### PROMPT
Would you please transcribe the listing exactly, with no images?

### GIVEN MATERIAL
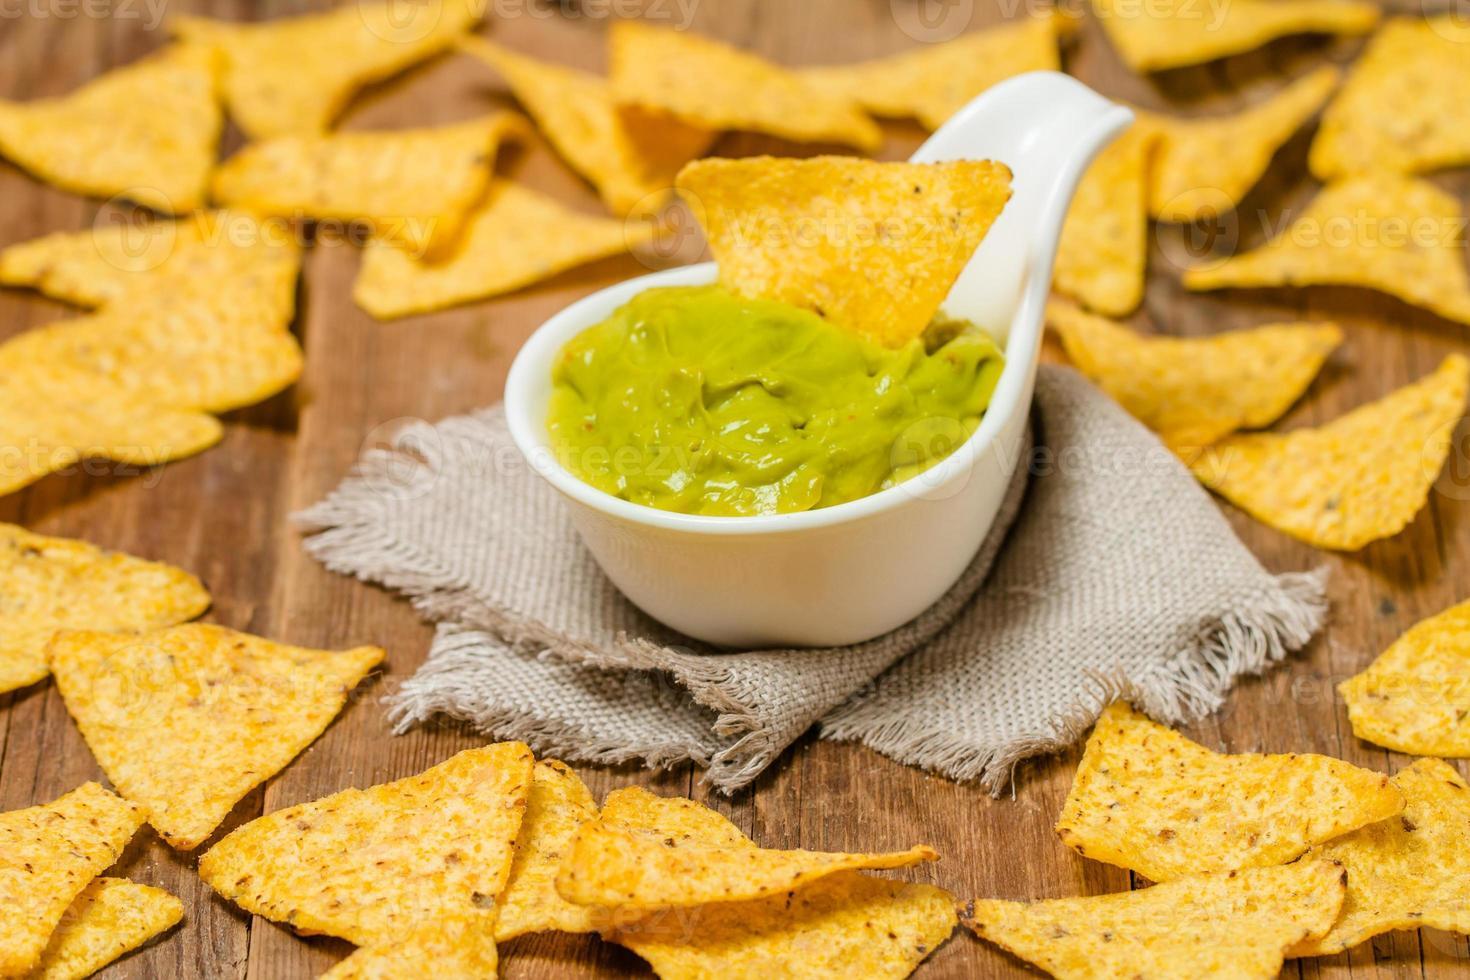 nachos mexicanos com molho guacamole artesanal foto
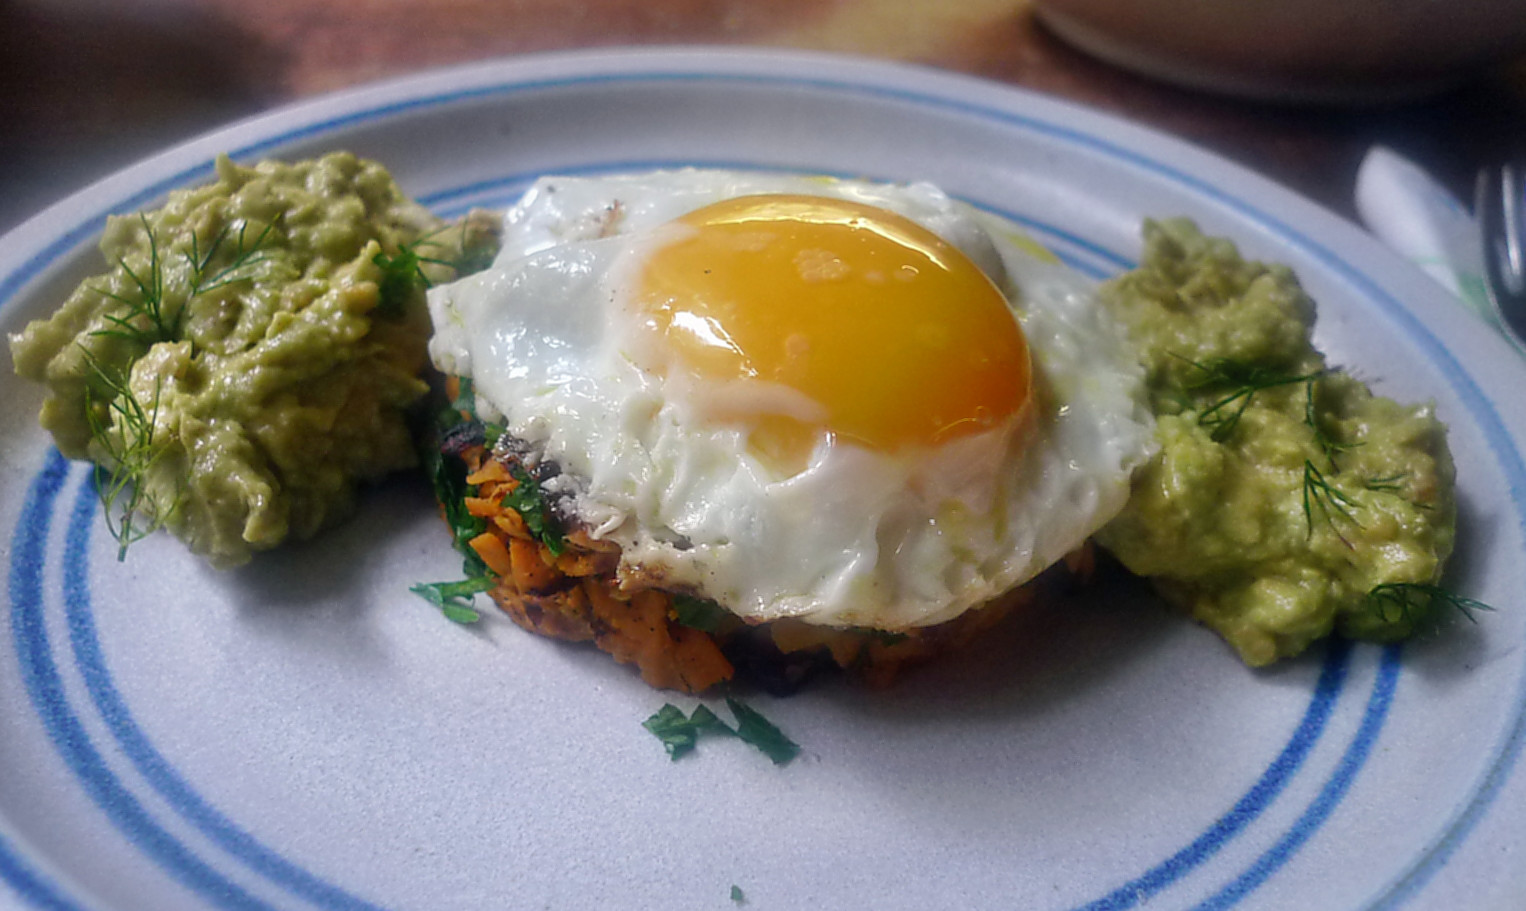 .Süßkartoffel-Guacamole-Spiegelei-18.8.14   (1)
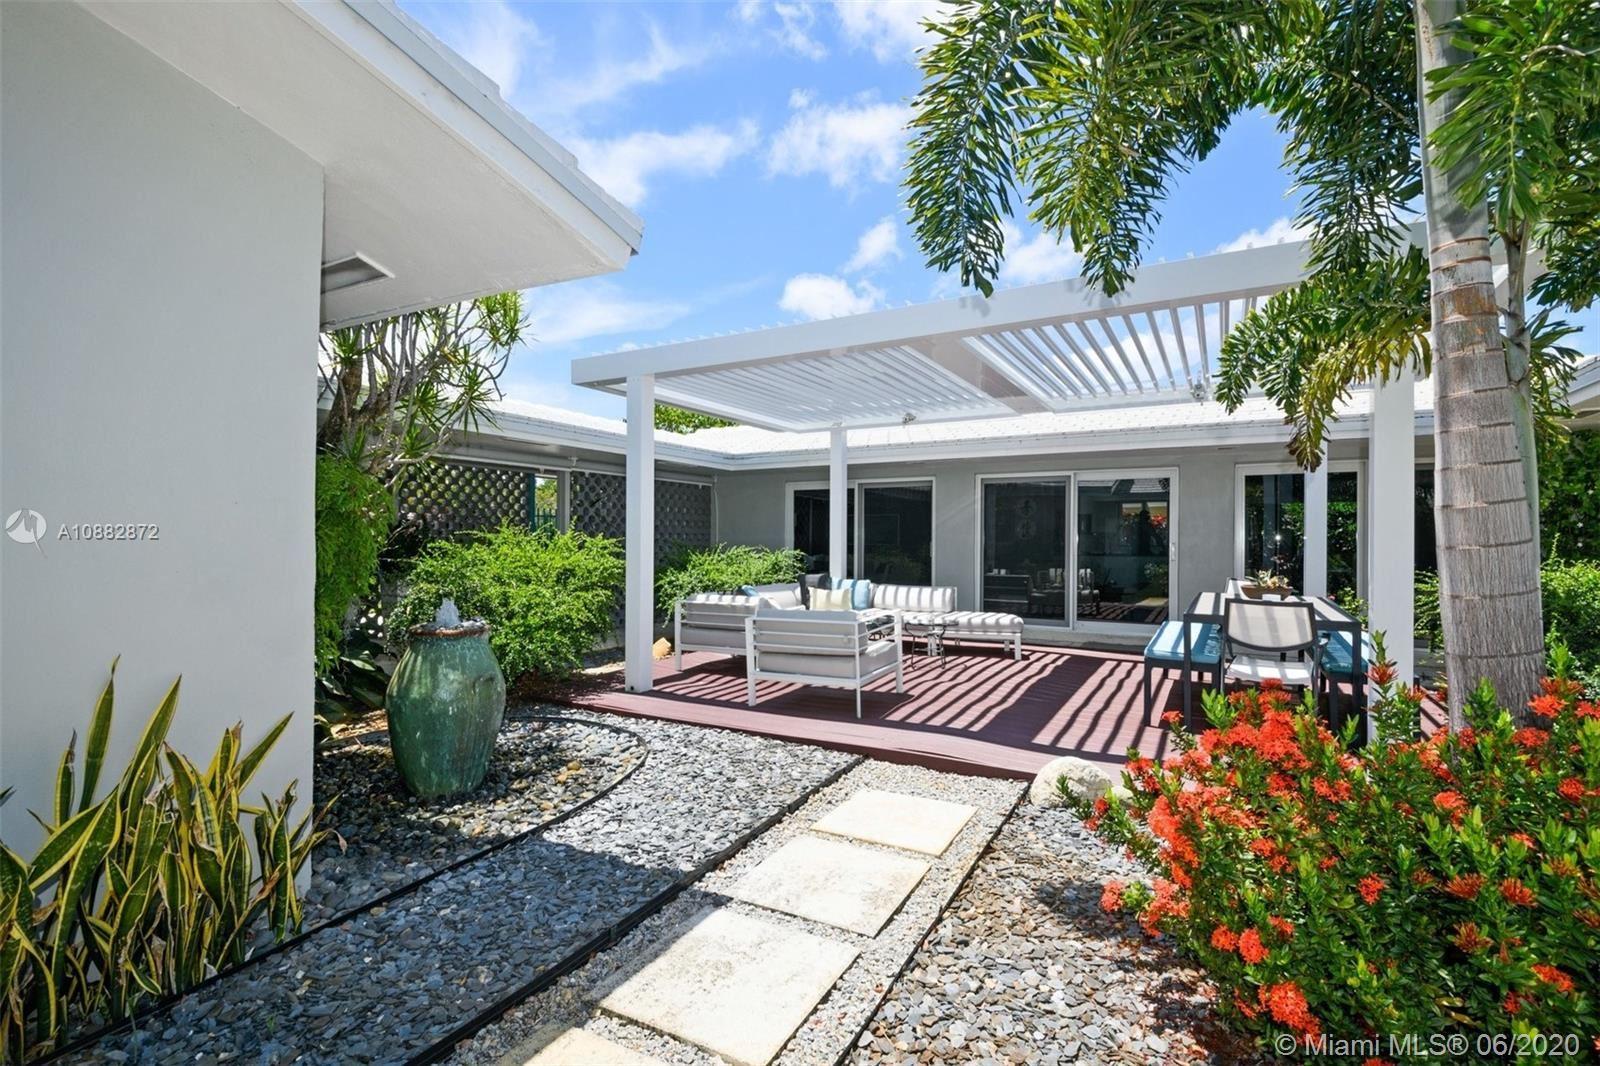 Photo of 4512 NE 21st Ln, Fort Lauderdale, FL 33308 (MLS # A10882872)

### WRITTEN RESPONSE
 nachos mexicanos com molho guacamole artesanal foto
 .Süßkartoffel-Guacamole-Spiegelei-18.8.14   (1)
 Photo of 4512 NE 21st Ln, Fort Lauderdale, FL 33308 (MLS # A10882872)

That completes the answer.